_DATA PROVIDED_
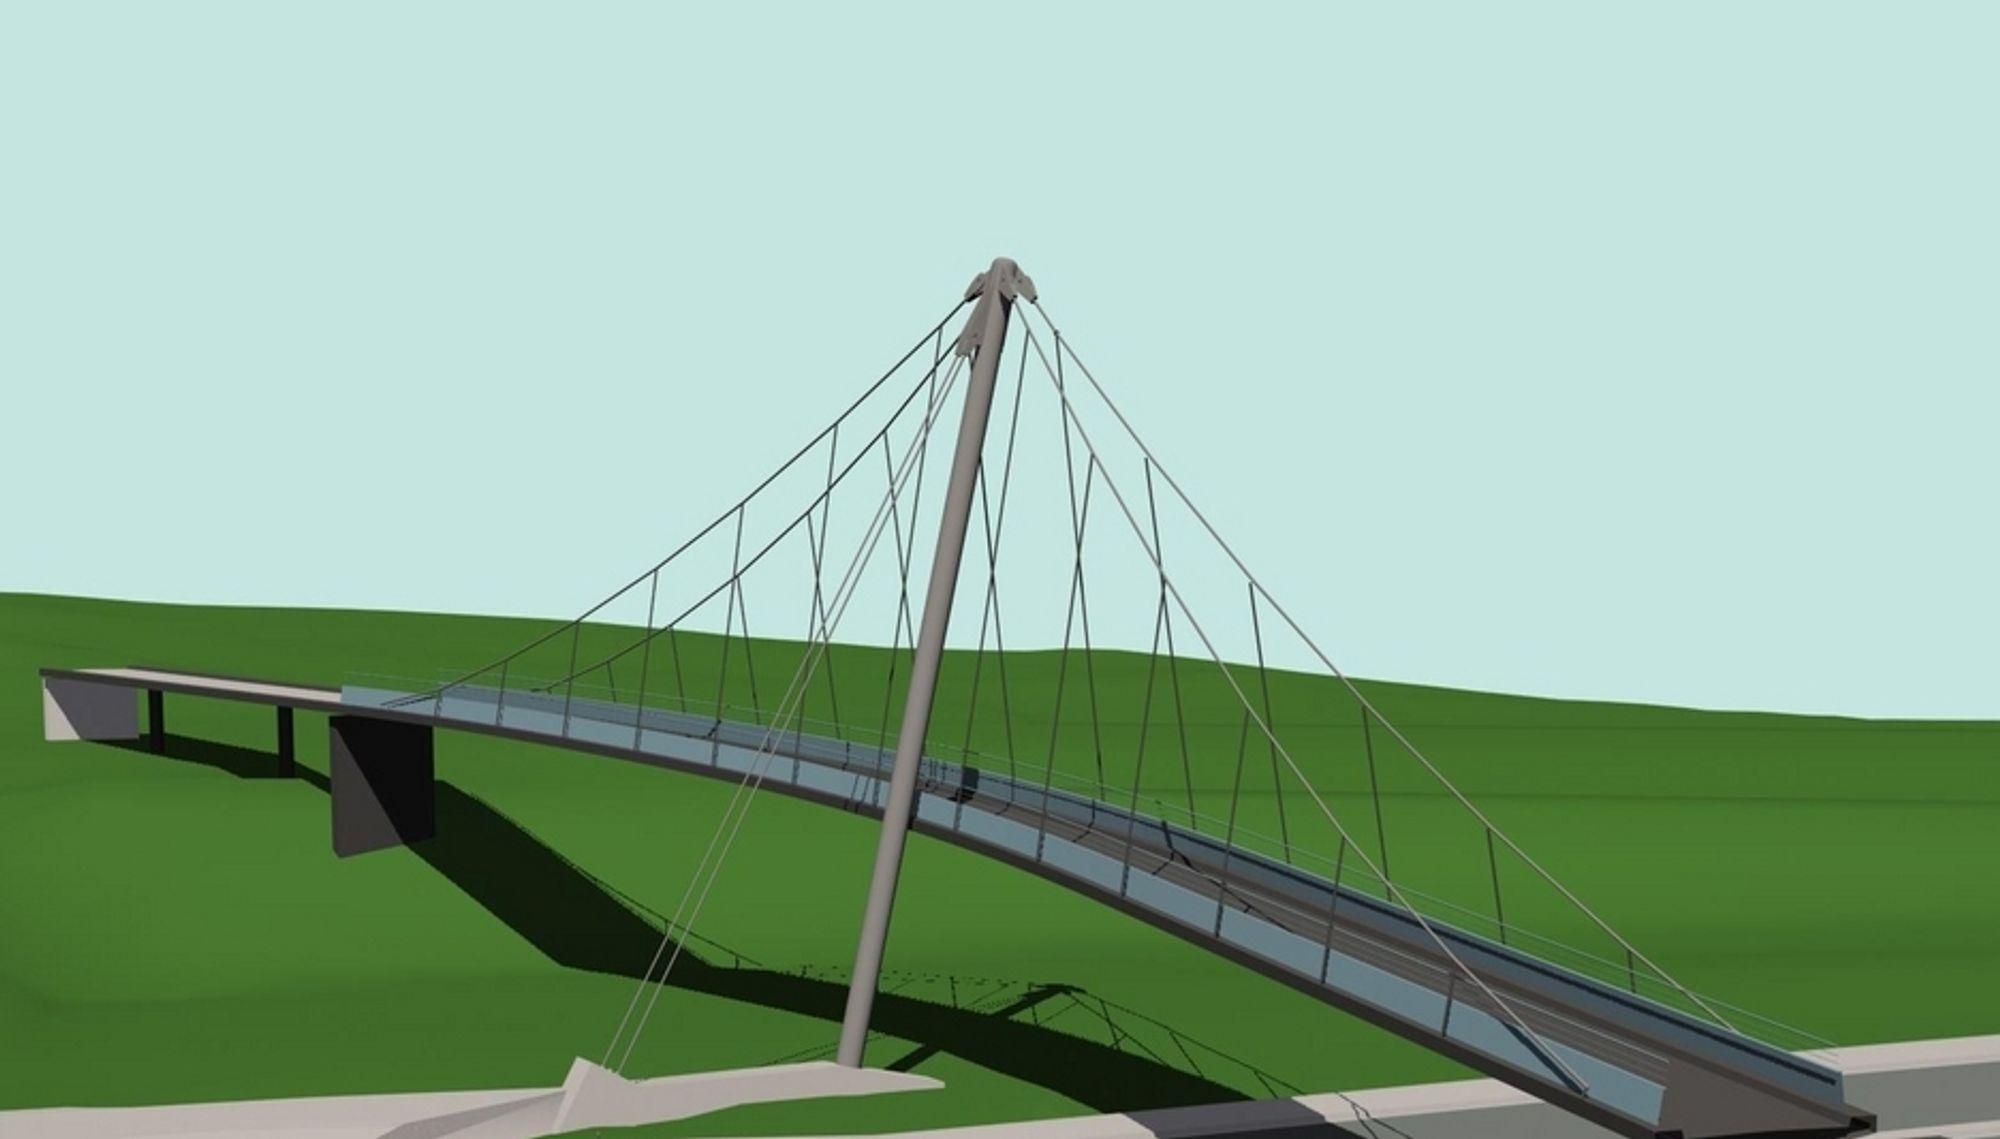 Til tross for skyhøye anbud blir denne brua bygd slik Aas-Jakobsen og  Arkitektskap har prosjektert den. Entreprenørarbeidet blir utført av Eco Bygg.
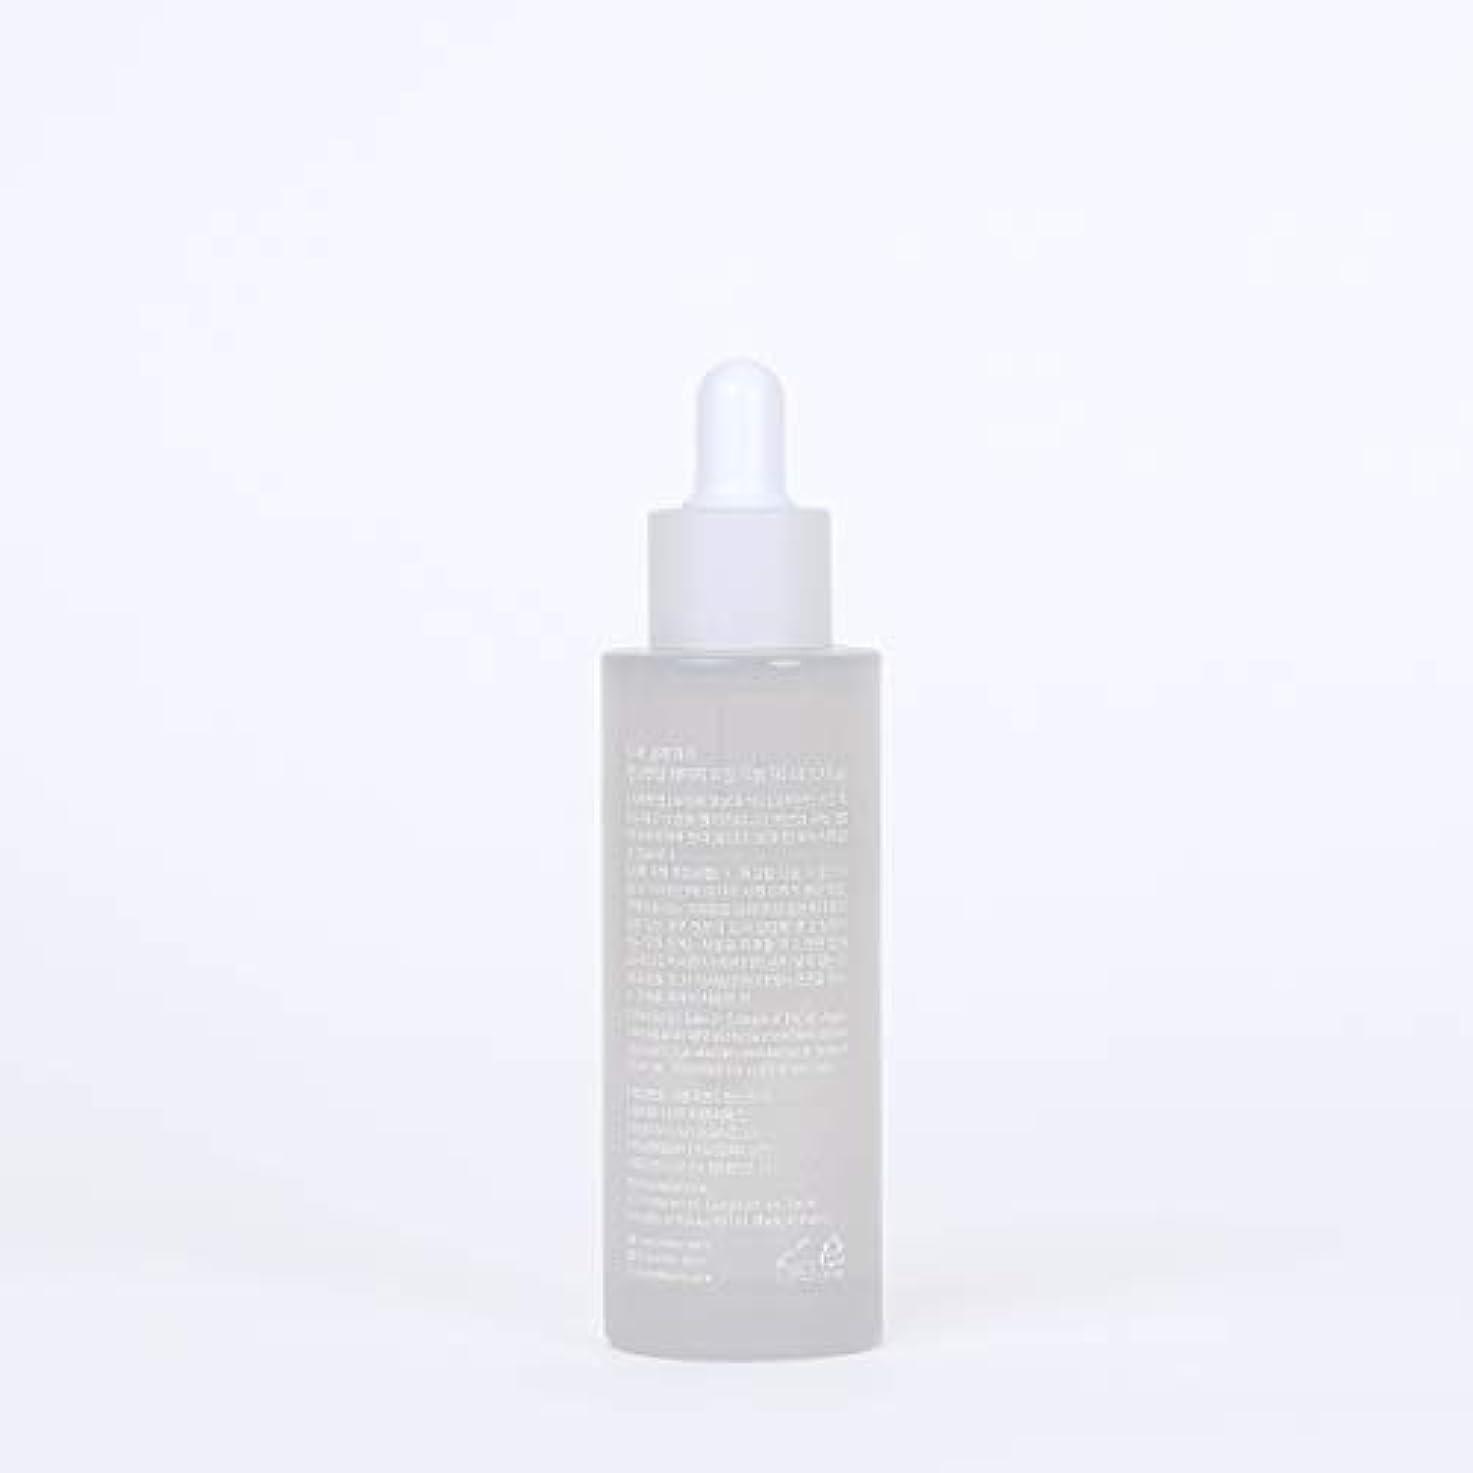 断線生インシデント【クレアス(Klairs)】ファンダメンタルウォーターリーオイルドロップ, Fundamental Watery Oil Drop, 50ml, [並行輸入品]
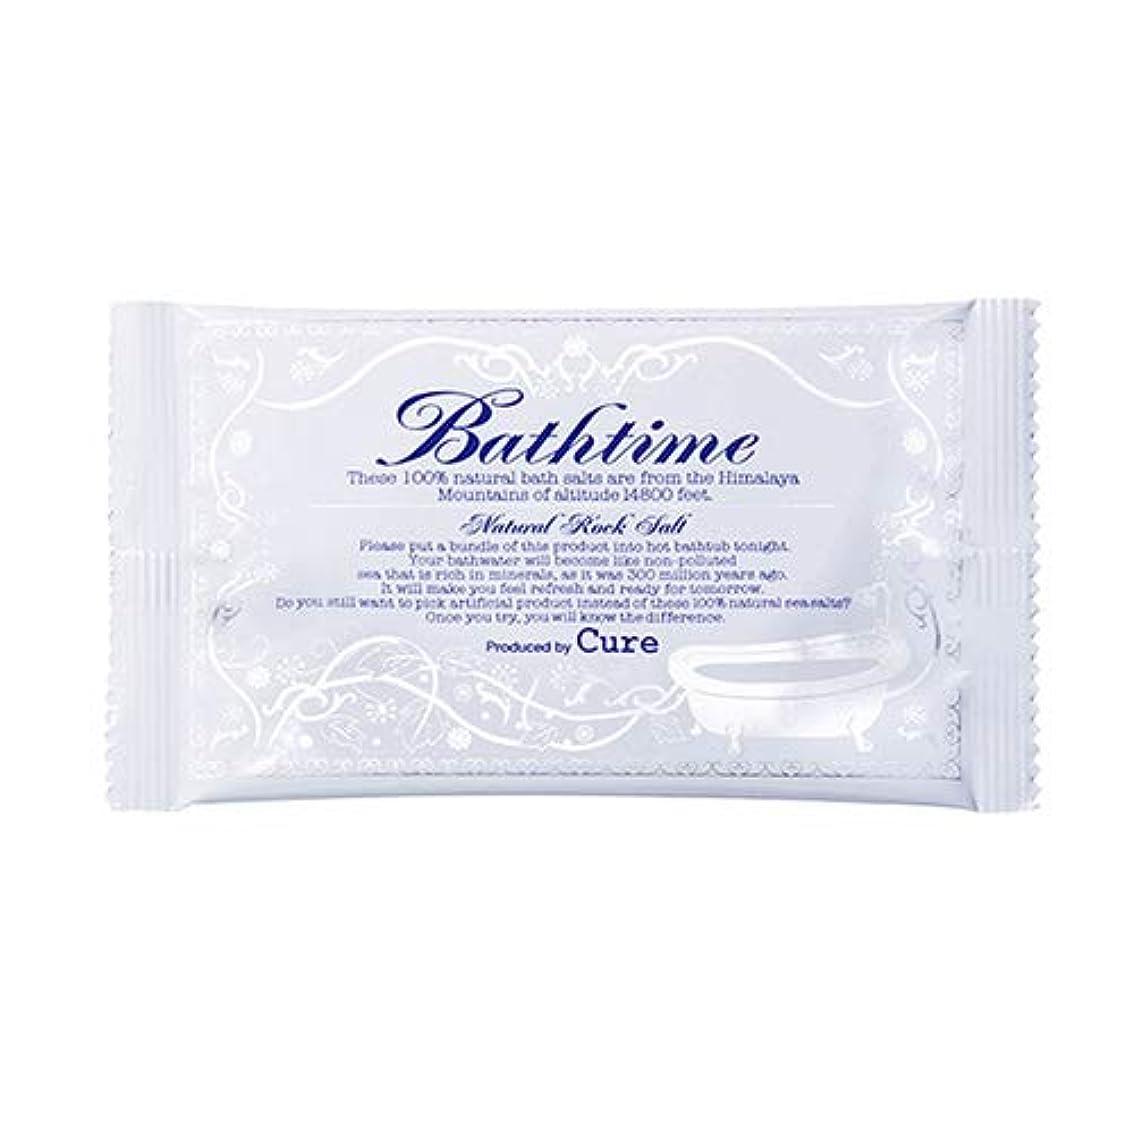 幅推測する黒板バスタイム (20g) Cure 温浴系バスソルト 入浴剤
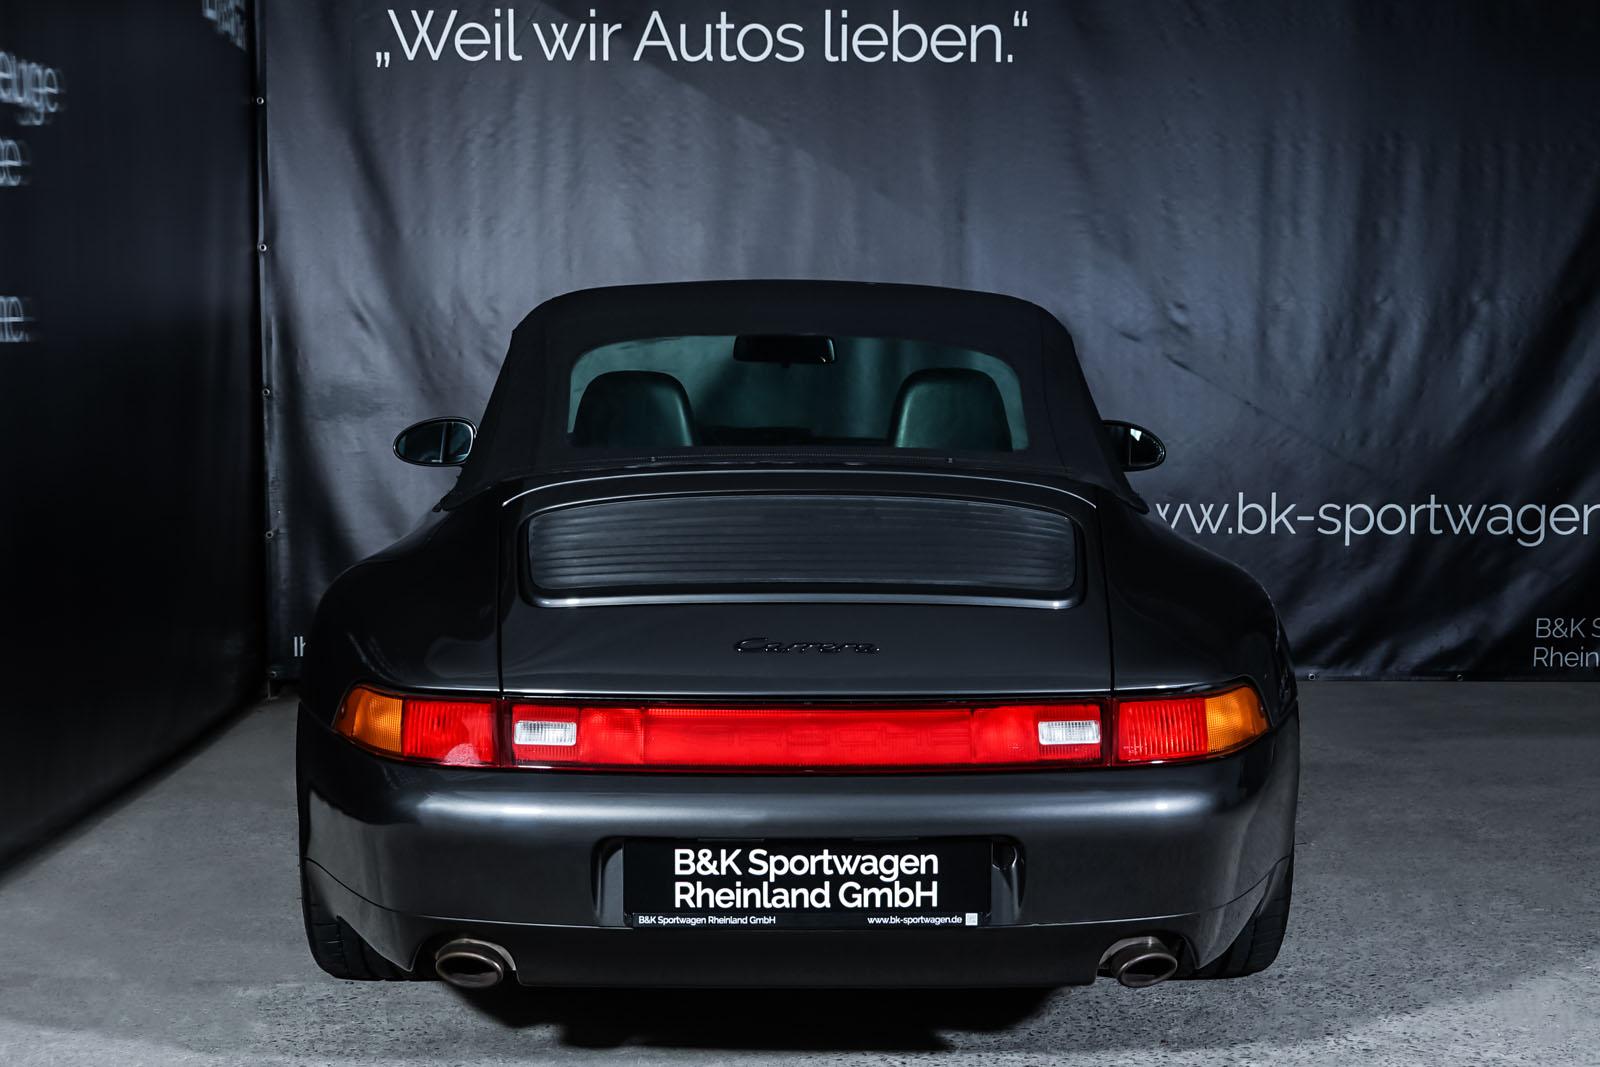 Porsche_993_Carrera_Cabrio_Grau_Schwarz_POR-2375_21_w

_WORK REQUIRED_
A word-for-word repetition of the data above, without pictures, is the expected answer.

_ANSWER SPACE_
 Til tross for skyhøye anbud blir denne brua bygd slik Aas-Jakobsen og  Arkitektskap har prosjektert den. Entreprenørarbeidet blir utført av Eco Bygg.
 断線生インシデント【クレアス(Klairs)】ファンダメンタルウォーターリーオイルドロップ, Fundamental Watery Oil Drop, 50ml, [並行輸入品]
 幅推測する黒板バスタイム (20g) Cure 温浴系バスソルト 入浴剤
 Porsche_993_Carrera_Cabrio_Grau_Schwarz_POR-2375_21_w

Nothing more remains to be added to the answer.